Deep dive · high-frequency location writes
~600k writes/s is the system's heartbeat:
- Separate the write path — a dedicated Location Service writes to Redis, never DynamoDB.
-
Async / fire-and-forget (
202) — losing one ping is harmless; another arrives in 5 s. - Last-write-wins per driver (one Redis key, overwrite in place); shard by geography.
- Adaptive ping frequency (slower when parked, faster in-ride); TTL eviction so a crashed driver drops out of search.
Trade-off: in-memory + async = blistering throughput but weaker durability — acceptable because live position is ephemeral and self-healing; only committed ride state needs DynamoDB durability.
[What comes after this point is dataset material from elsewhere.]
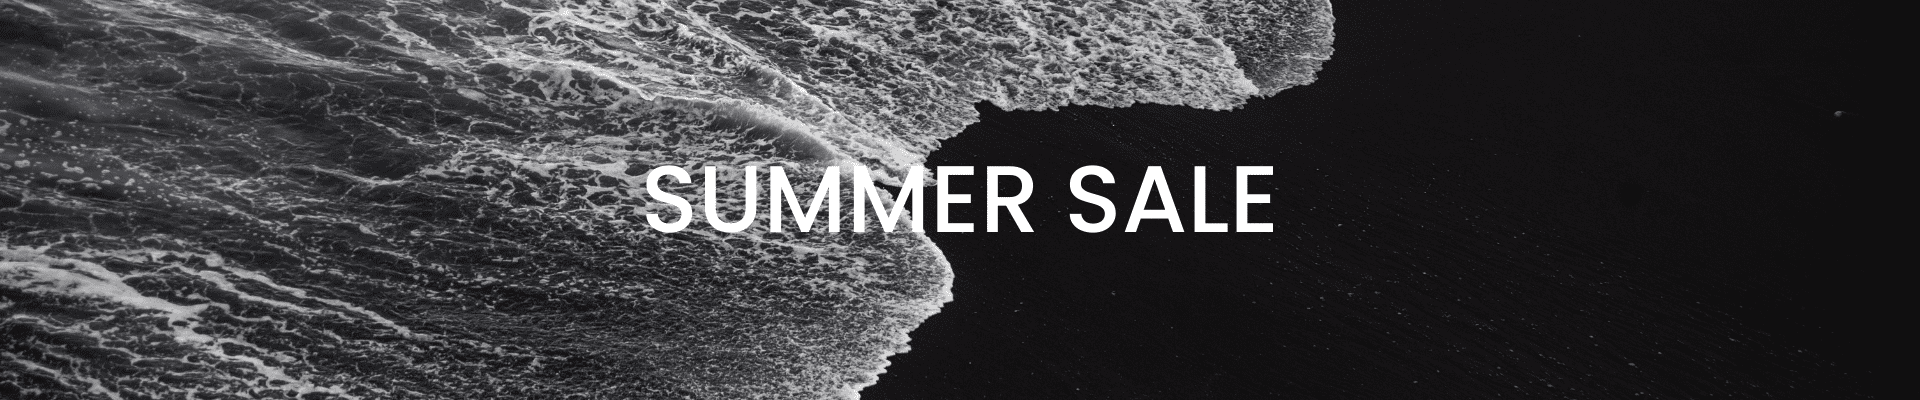 monochrome-summer-sales

Deep dive · matching & avoiding double-booking
A region-partitioned queue absorbs surge bursts and decouples request latency from matching. The offer loop reserves one driver at a time with a TTL lock:
while (noMatch) {
driver = nextDriver // best-ranked candidate
lock(driver) // conditional PutItem, with TTL
sendNotification(driver) // push the offer
wait(10s) // accept -> break; decline/timeout -> next
} // bounded by the < 1 min match-or-fail SLA
flowchart TD
A["Dequeue ride request"] --> B["getDriverLocations from Redis"]
B --> C{"Drivers found?"}
C -->|No| F["Mark ride Failed"]
C -->|Yes| D["driver = nextDriver"]
D --> E{"Acquire driver lock - TTL?"}
E -->|Lock held| L
E -->|Lock acquired| G["sendNotification(driver)"]
G --> H["wait 10s"]
H --> I{"Accepted?"}
I -->|Yes| J["Assign ride, status = matched"]
I -->|No or timeout| K["Lock auto-expires via TTL"]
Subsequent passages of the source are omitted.